Nicht außer acht lassen sollte man auch die individuelle Klasse und die Kaderzusammensetzung. Das defensive Mittelfeld ist ein nahezu schon chronisches Problem bei Werder. Groß ist halt ein Regionalligaspieler, der auf seine alten Fußballertage in einer Notsituation in die Bundesligaelf gerutscht ist. Manchmal macht er seine Sache äußerst zuverlässig, manchmal (so wie heute) ist er heillos überfordert. Für den jungen Gruev, die Alternative auf der Sechs, gilt das Gleiche.

Wenn dann die Dreierkette auch nicht funktioniert, weil der letzte Saison in der 2. Bundesliga überragende Friedl von der Rolle scheint und der sonst zuverlässige Veljković amateurhaftes Stellungsspiel zeigt, dann bekommt man halt die Hütte voll.
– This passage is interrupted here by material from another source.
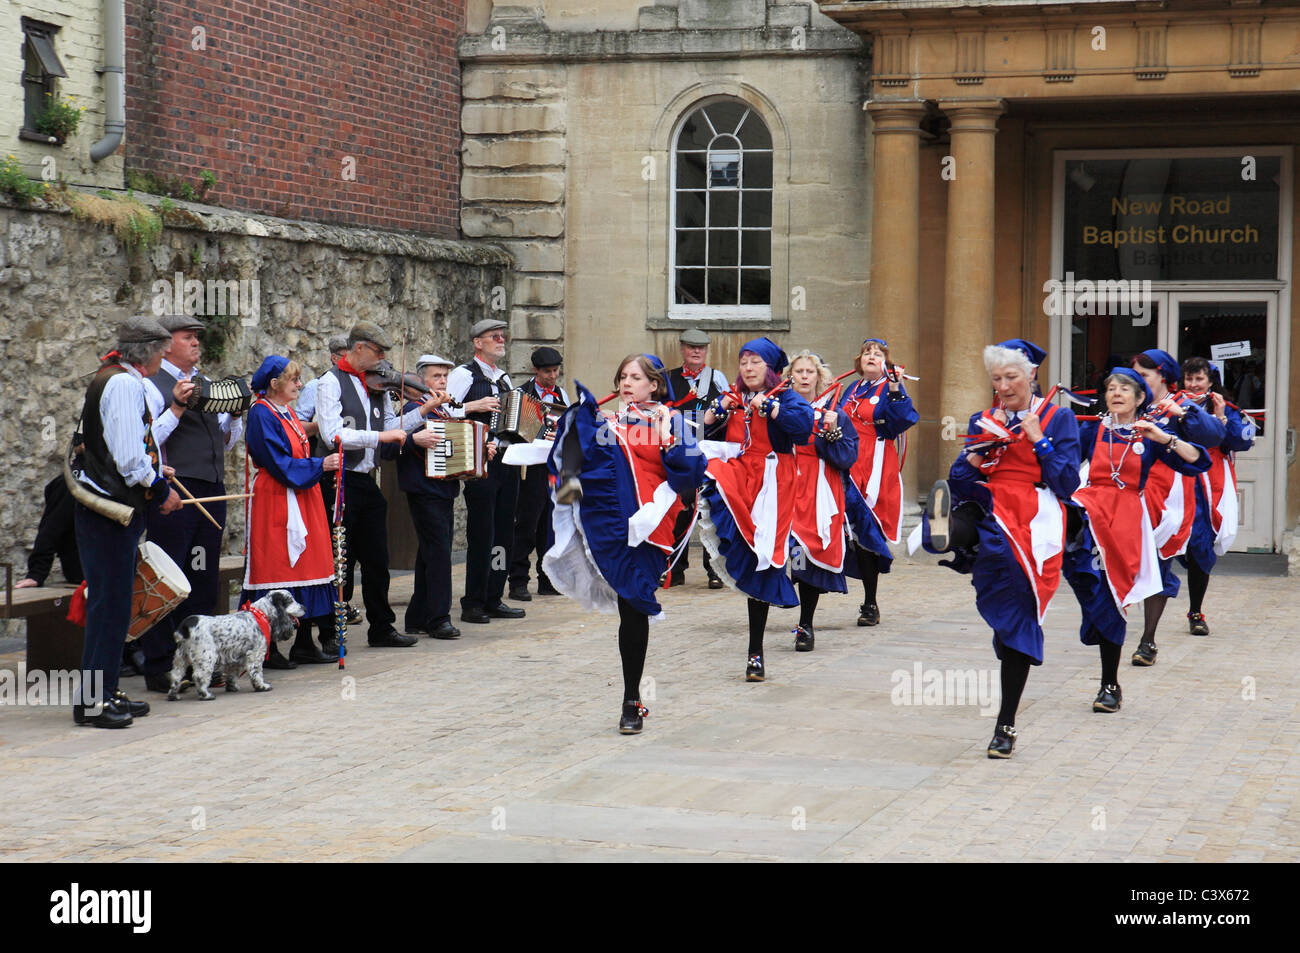 Danseurs et musiciens Morris à Oxford folk festival près de la nouvelle route Baptist Church, England, UK Banque D'Images
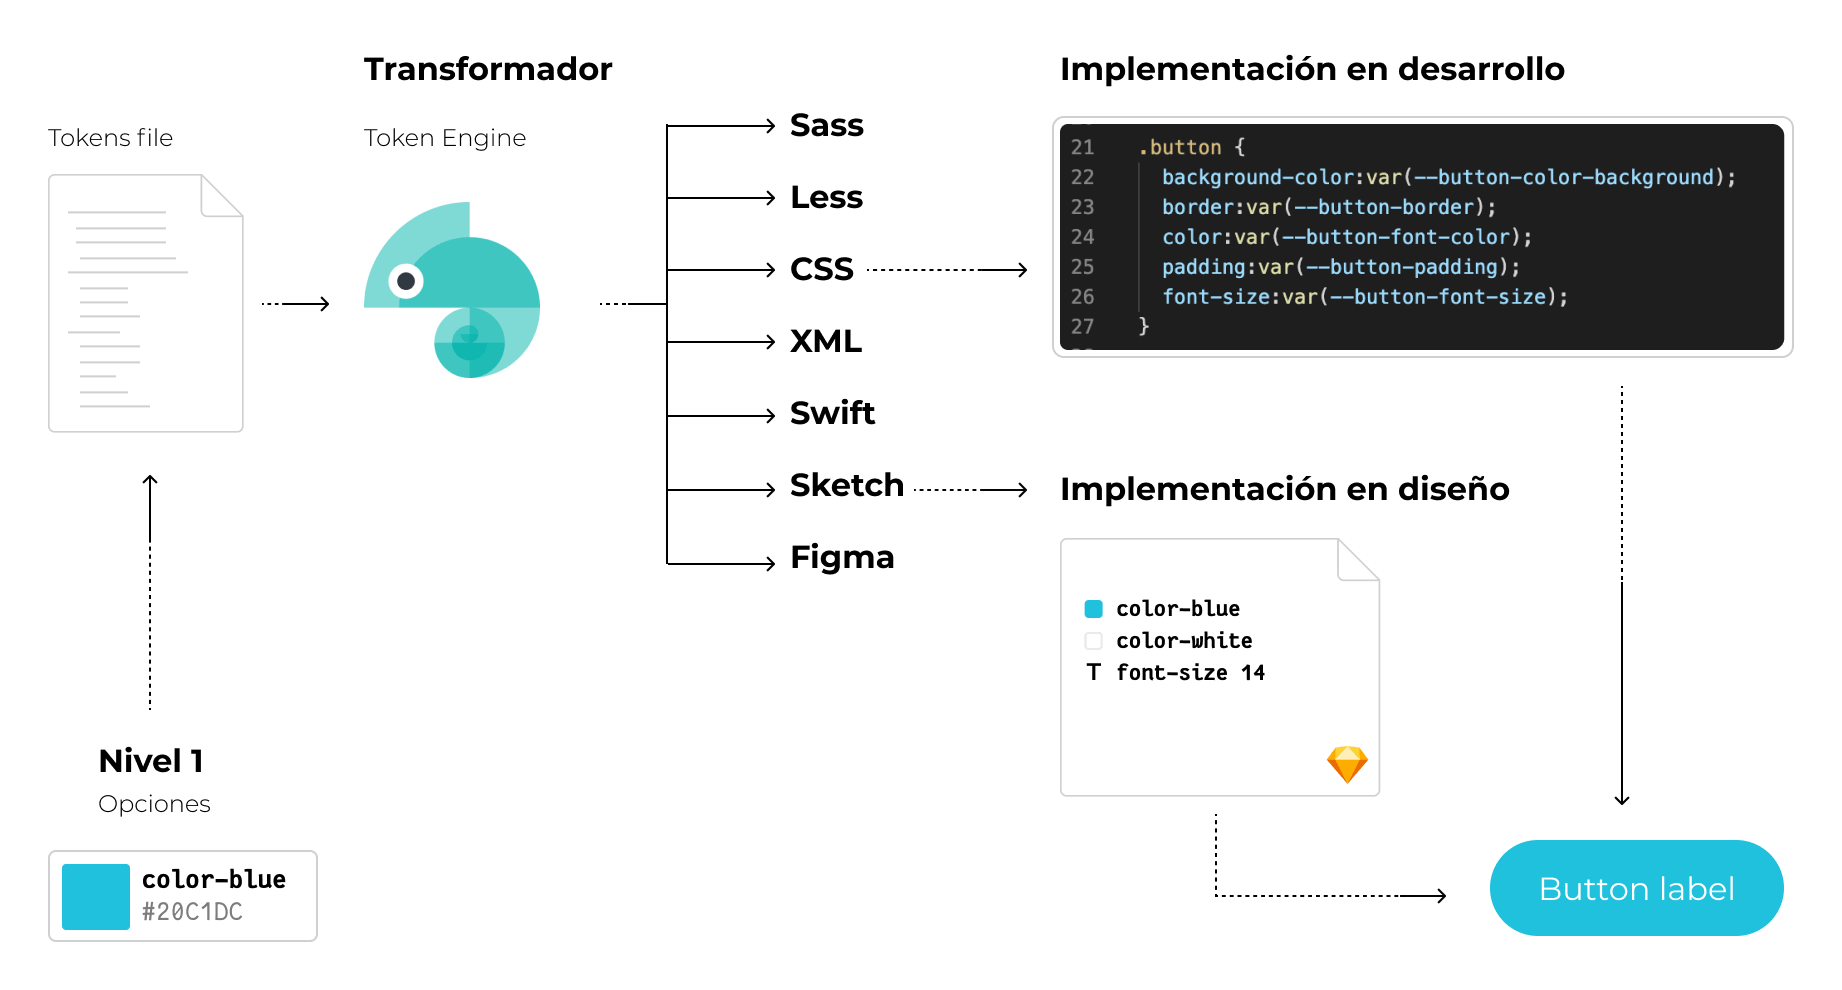 Imagen mostrando los pasos entre niveles de token, transformador en output css y su implementación en desarrollo.

Zumal man mit Pavlenka einen Keeper zwischen den Pfosten hat, der zwischen Topreaktionen und schwachen Leistungen schwankt. Gegen uns geht das 2:0 voll auf seine Kappe und das 1:0 verhindern in der Bundesliga so einige Keeper.

Dass Werder auf dem Transfermarkt noch einmal aktiv wird, ist eher nicht vorstellbar. Aber wer weiß. Ansonsten gilt für die Mannschaft, dass man als gesamtes Team funktionieren muss oder es geht in die Hose.